By Dr. Angela Laflen

Amy Wagner created “Article 13: Banning Memes and Modern Cultural Expression” for an upper-level composition course on the topic of Multimedia Writing in Fall 2018. In her final research project for the course, Amy focused on several issues we had discussed throughout the course including the cultural significance of Internet memes, the implications of copyright law on online expression and Internet culture, and digital storytelling. Amy researched Article 13 of the European Union’s Copyright Directive to consider how attempts to protect copyright online could have the additional effect of limiting online expression, and she focused specifically on the impact to Internet memes, arguing that memes represent a significant form of cultural expression worthy of protecting. Even though Article 13 was later amended to specifically exclude memes and mashups, Amy’s video essay provides insight into how efforts to protect copyright online can have unintended consequences on Internet culture, and it also documents the online activism of Internet content creators as they pushed back against the encroachment of Article 13 into online expression.
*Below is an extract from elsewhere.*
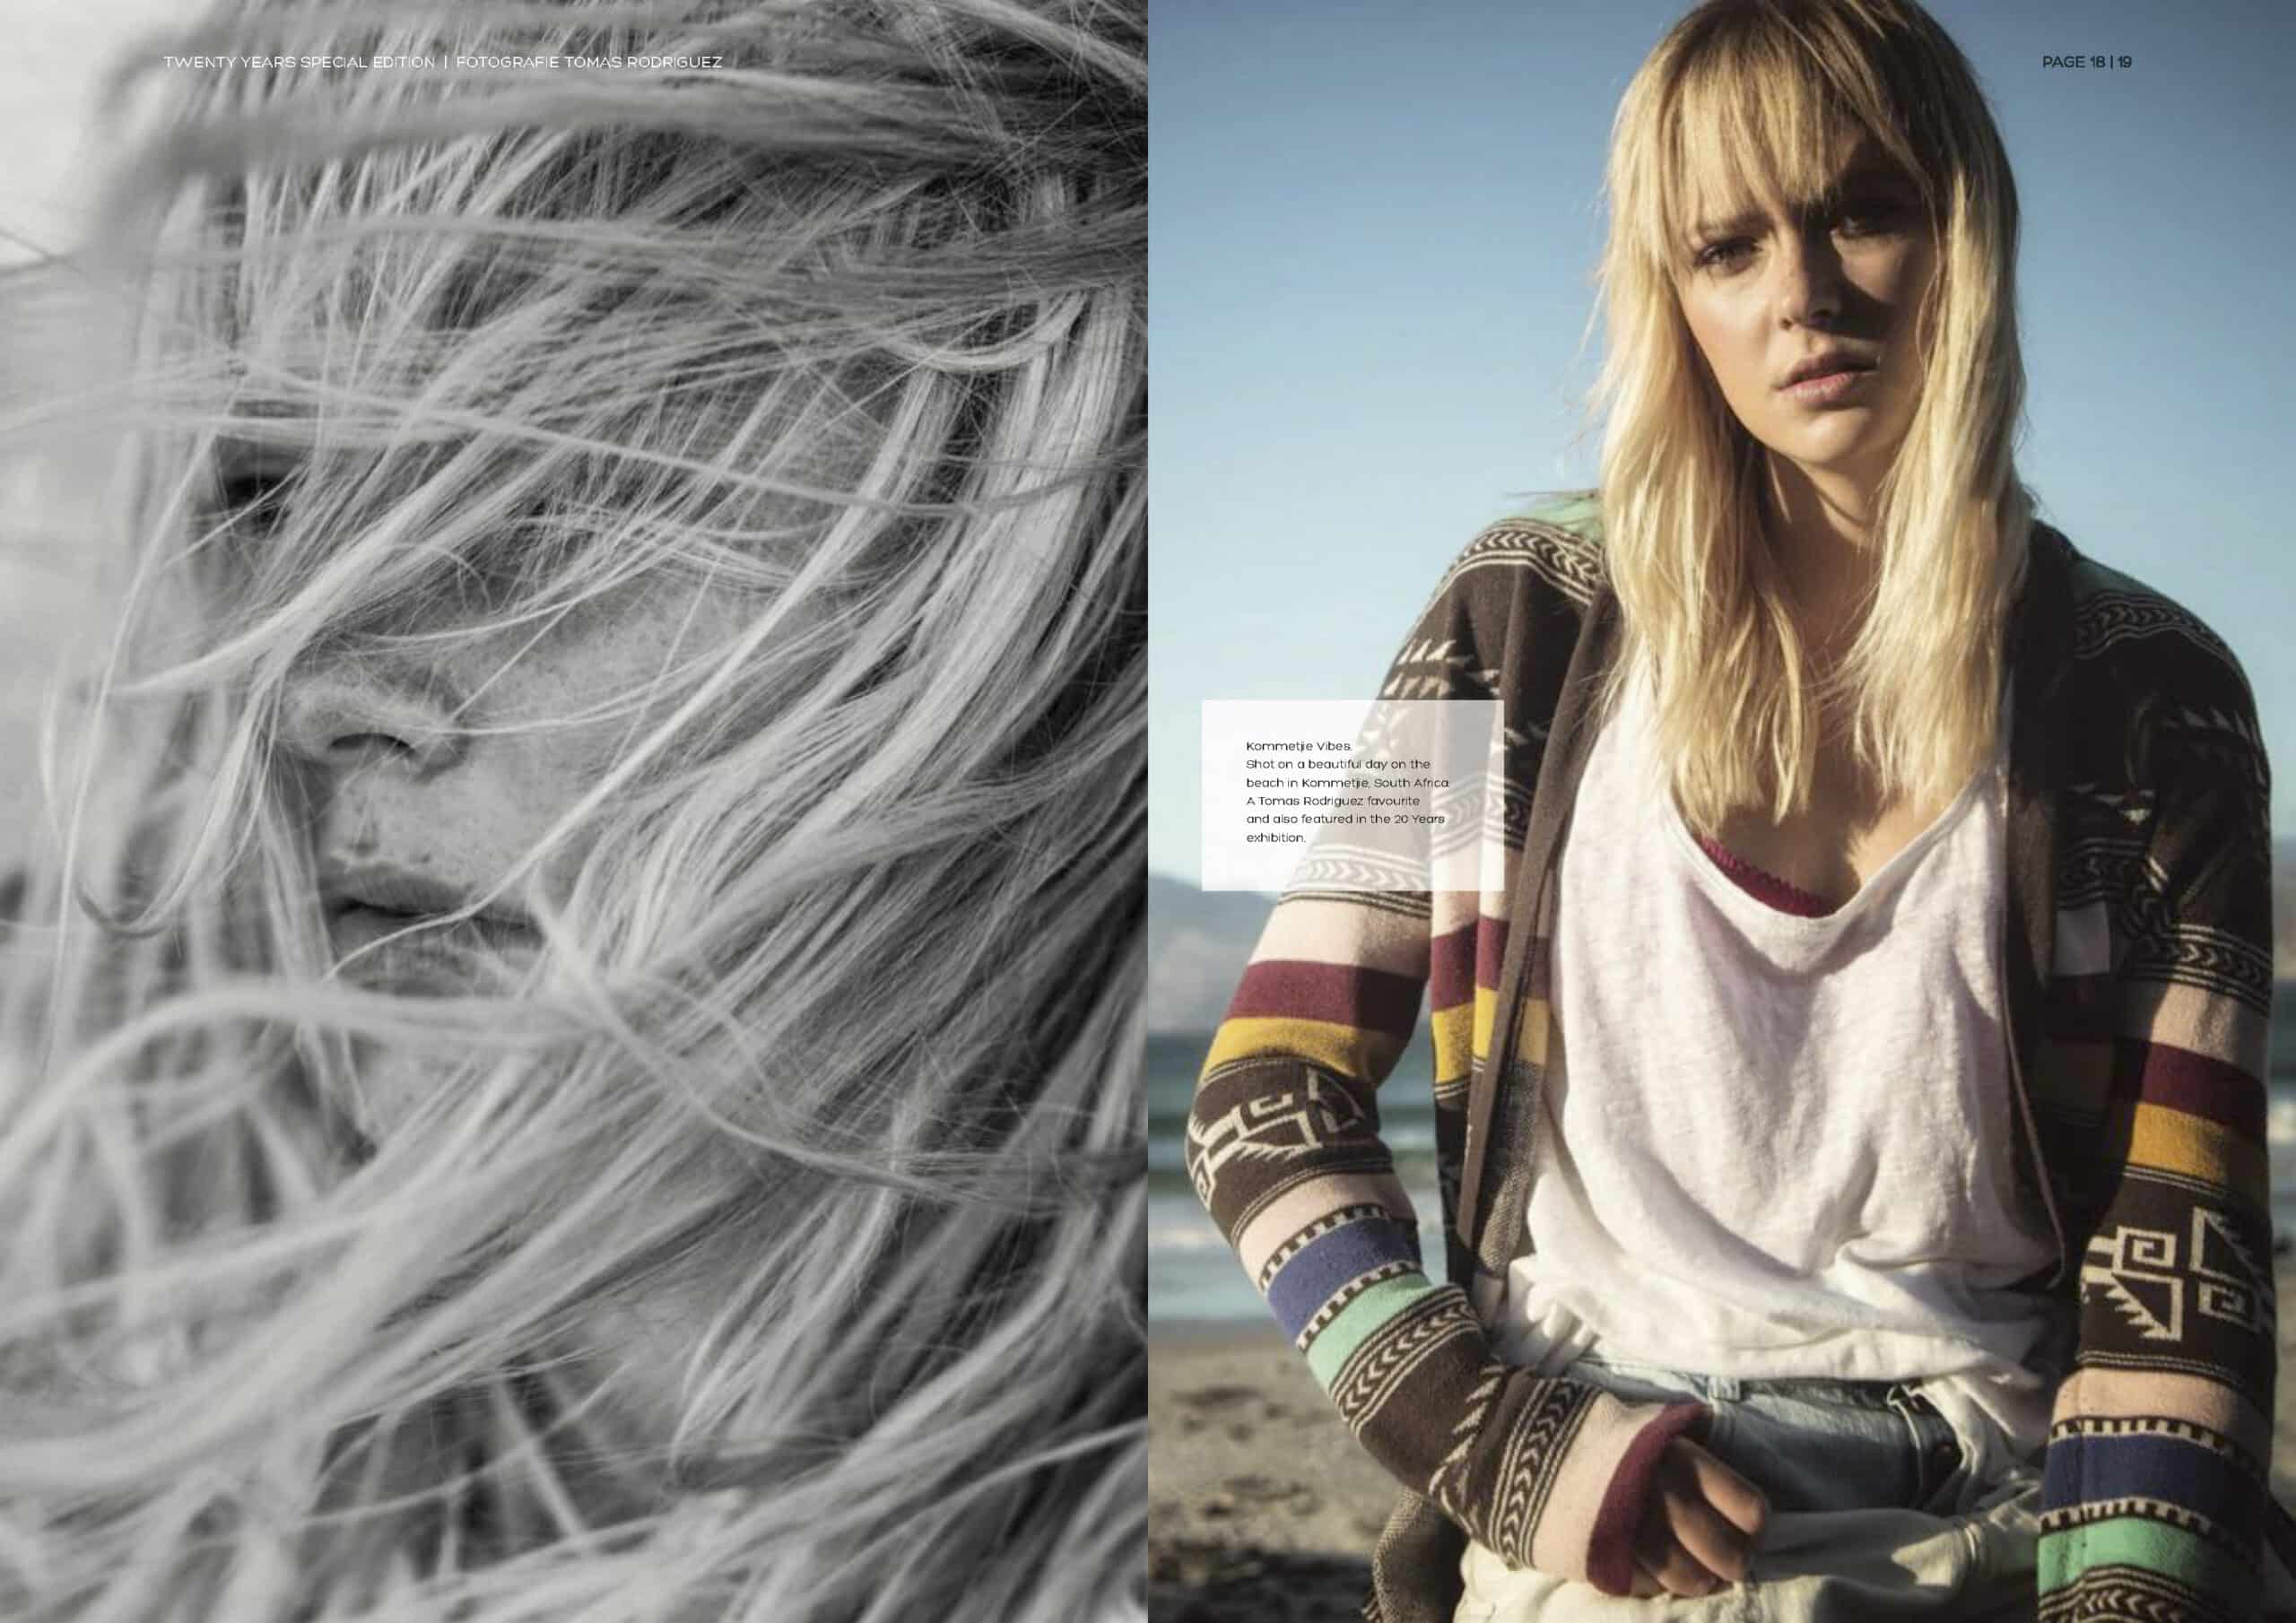 Eine Zeitschriftenstrecke mit zwei Bildern einer Frau: Links eine Nahaufnahme ihres Gesichts mit vom Wind zerzausten Haaren in Monochrom, und rechts ist sie in Farbe zu sehen, leger gekleidet in einem mehrlagigen, gemusterten Outfit an einem Strand. © Fotografie Tomas Rodriguez

Students were encouraged to think about what multimedia form they wanted their final projects to take and how they wanted to disseminate them to their audience. Amy chose the form of a video essay for her project and published the essay on YouTube. I like how she wove relevant clips from new stories, TedTalks, and other online videos into her own video and how she highlighted quotations from her scholarly sources and her own script to draw the reader’s attention to particularly important or complex ideas and terms. As one of Amy’s reviewers notes, this form bridges the gap between formal video essays and informal commentaries common on social media sites such as YouTube and in doing so maximizes audience engagement and makes the topic and Amy’s research comprehensible to a wide range of audiences.